## Work instructions
Repeat, please, only the lines from the top of the data down to the line with "Easy Nail Art"; include both of those lines.
======
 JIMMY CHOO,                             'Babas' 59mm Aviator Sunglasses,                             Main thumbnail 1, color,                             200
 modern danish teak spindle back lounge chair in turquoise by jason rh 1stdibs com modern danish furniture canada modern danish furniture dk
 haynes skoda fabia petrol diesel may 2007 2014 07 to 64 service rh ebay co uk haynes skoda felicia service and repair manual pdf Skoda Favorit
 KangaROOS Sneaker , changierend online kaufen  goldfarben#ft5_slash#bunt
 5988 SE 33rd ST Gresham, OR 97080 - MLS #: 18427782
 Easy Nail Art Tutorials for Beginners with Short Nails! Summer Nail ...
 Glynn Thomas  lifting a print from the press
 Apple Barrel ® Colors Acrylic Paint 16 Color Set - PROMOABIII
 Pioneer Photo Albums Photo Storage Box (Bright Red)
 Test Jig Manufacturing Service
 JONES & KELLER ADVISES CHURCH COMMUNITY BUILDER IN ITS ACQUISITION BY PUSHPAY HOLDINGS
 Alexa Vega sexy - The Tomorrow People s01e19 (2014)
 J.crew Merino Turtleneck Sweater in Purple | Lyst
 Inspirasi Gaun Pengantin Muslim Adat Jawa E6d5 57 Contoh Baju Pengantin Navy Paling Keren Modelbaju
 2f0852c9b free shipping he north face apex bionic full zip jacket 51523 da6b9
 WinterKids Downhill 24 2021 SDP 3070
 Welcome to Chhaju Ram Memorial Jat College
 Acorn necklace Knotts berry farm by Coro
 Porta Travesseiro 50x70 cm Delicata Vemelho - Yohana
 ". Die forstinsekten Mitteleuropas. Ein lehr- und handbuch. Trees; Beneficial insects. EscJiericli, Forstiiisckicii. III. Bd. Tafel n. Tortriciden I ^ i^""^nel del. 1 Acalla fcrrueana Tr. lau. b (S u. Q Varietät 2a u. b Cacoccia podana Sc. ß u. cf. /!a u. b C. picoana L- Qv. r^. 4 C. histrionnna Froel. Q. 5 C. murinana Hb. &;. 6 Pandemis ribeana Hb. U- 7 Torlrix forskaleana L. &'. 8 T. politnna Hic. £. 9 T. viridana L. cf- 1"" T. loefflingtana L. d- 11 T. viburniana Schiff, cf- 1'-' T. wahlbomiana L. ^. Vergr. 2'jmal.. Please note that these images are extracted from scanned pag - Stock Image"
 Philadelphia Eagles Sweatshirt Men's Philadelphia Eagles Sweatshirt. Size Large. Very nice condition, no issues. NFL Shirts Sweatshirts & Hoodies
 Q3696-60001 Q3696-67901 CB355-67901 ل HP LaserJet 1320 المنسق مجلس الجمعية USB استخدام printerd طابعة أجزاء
======
## Response to the task
 JIMMY CHOO,                             'Babas' 59mm Aviator Sunglasses,                             Main thumbnail 1, color,                             200
 modern danish teak spindle back lounge chair in turquoise by jason rh 1stdibs com modern danish furniture canada modern danish furniture dk
 haynes skoda fabia petrol diesel may 2007 2014 07 to 64 service rh ebay co uk haynes skoda felicia service and repair manual pdf Skoda Favorit
 KangaROOS Sneaker , changierend online kaufen  goldfarben#ft5_slash#bunt
 5988 SE 33rd ST Gresham, OR 97080 - MLS #: 18427782
 Easy Nail Art Tutorials for Beginners with Short Nails! Summer Nail ...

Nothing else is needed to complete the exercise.